Hello,
This is crossposted from biostars as I was unsure which platform is right for this question.
I am looking to do a differential expression analysis for RNAaseq data in a hybrid by comparing the parental alleles to the in silico midparent value (for example like this paper). I was hoping to use modern DE tools such as DESeq2, EdgeR etc. that assume a negative binomial model. What I am confused about is how to incorporate normalization into computing the midparent values - for example if two corresponding parental genes have different lengths, how would I accommodate for this?
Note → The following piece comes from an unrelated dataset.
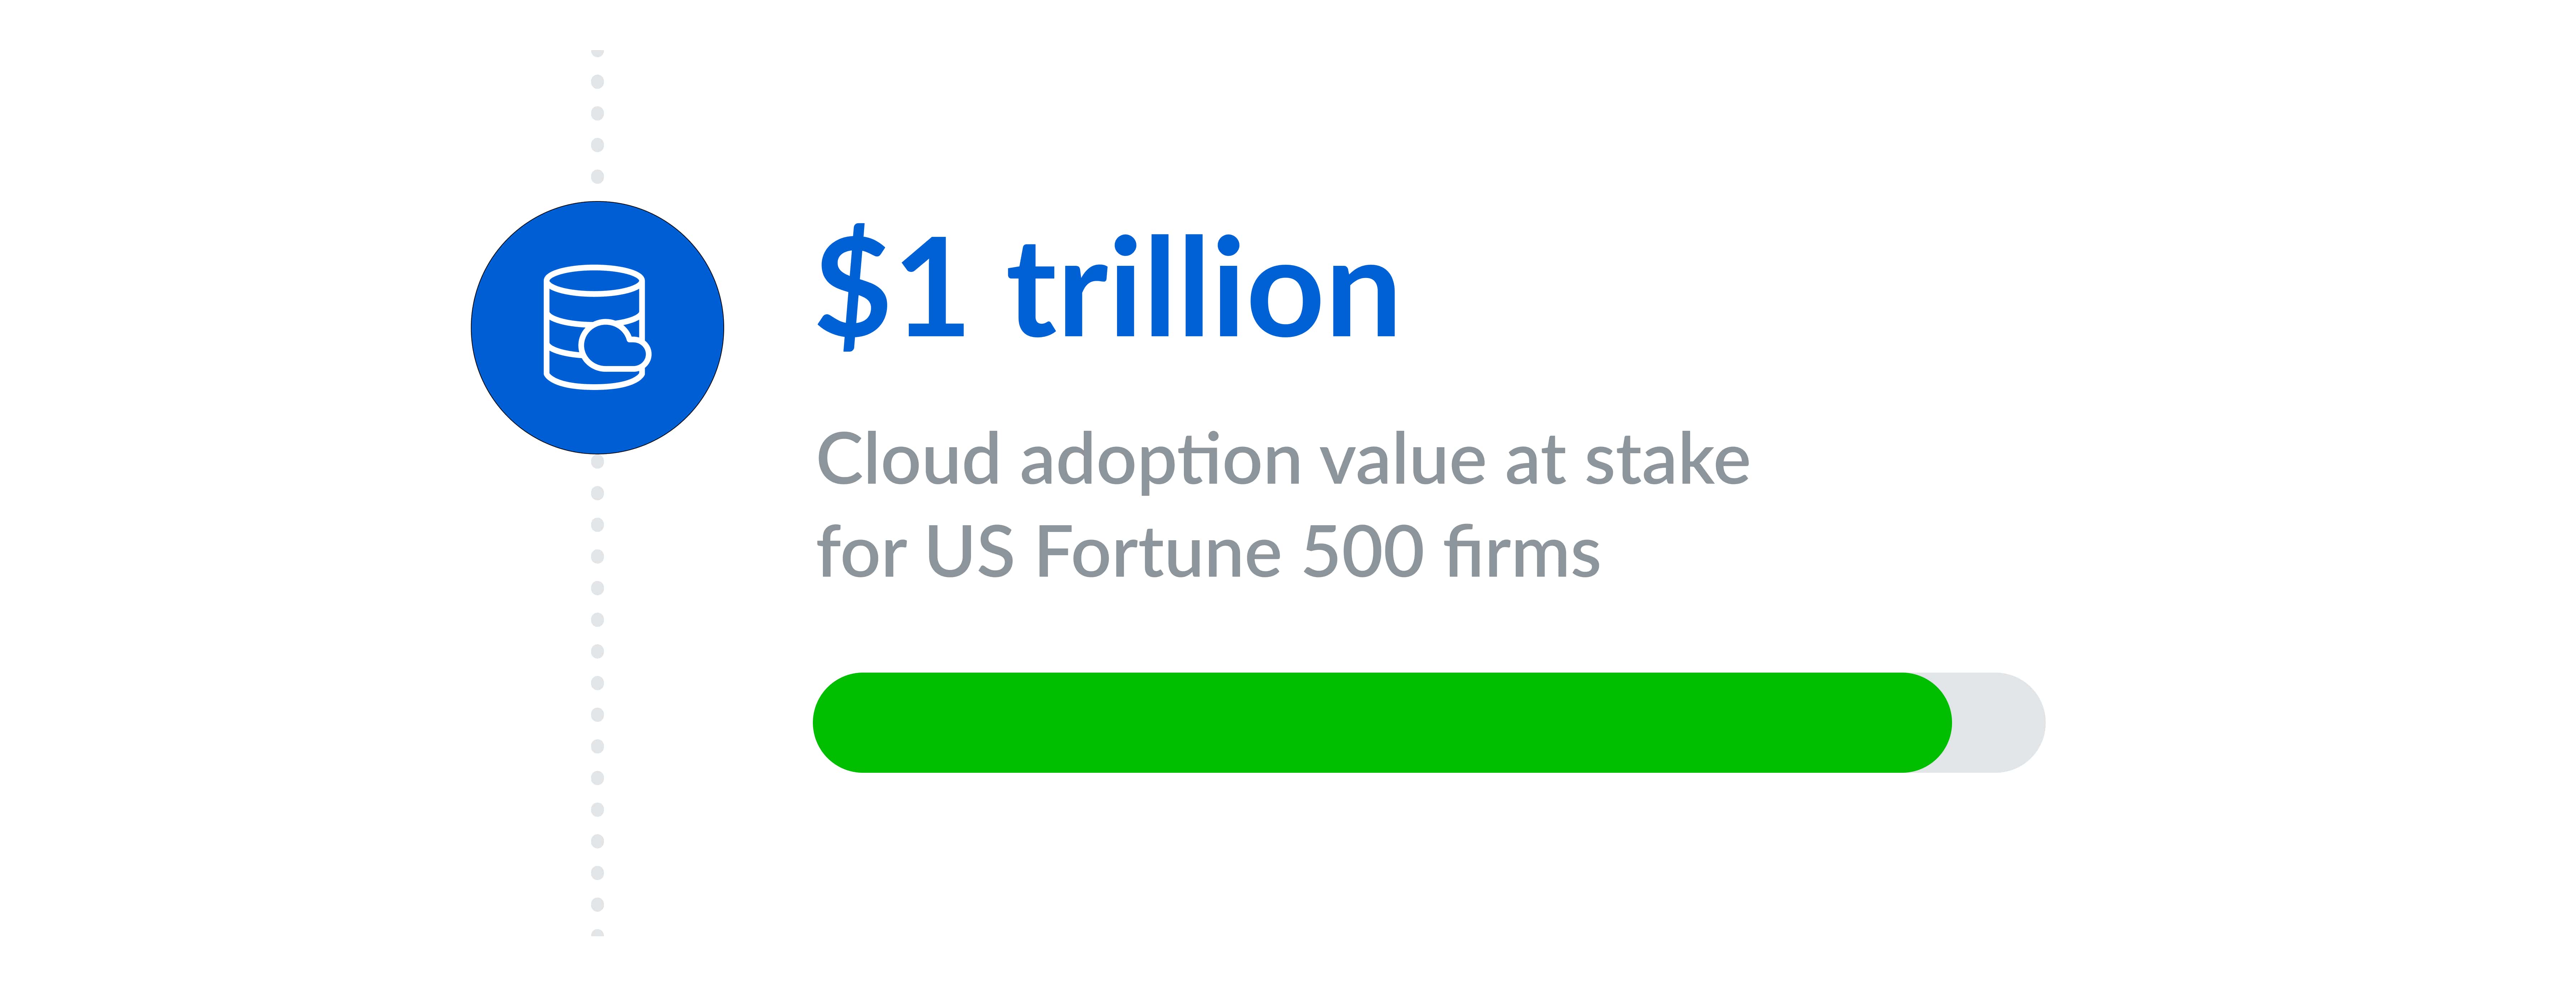 Cloud adoption value at stake

Suppose I am working with DESeq2 and my parents are A, B and my child is C with parent alleles Ca, Cb. The flow I was thinking of is as follows:
- Input samples from A,B, Ca, Cb into a DESeq model with gene lengths and compute normalization factors
normalizationFactors(dds)
. - Take normalized sample columns from the normalized counts matrix, say
A_norm
,B_norm
andCa_norm
,Cb_norm
- Use
round((A_norm+B_norm)/2))
,Ca_norm
,Cb_norm
as inputs to a new DESeq model with constant size factors of 1 to account for the pre-normalized values.
The problem is that from what I understand DESeq does not directly use the normalized counts but rather incorporates the normalization factors into the computation of the means and dispersion values so I am not sure if this method makes sense. In particular if DESeq directly used the normalized counts K_ij/normalizationFactors(dds)
in its modelling, then I belieeve providing the average of the normalized counts across the parents and a constant normalization matrix would have made statistical sense.
The only other method I can think of is to use a t-test on the log(TPM+1) values but I have 15 tissues and 3 replicates per tissue so in case I have an interaction between the tissue and genotype, I am afraid the normal distribution assumption of the test would not hold.
Any suggestions or feedback would be much appreciated, thank you!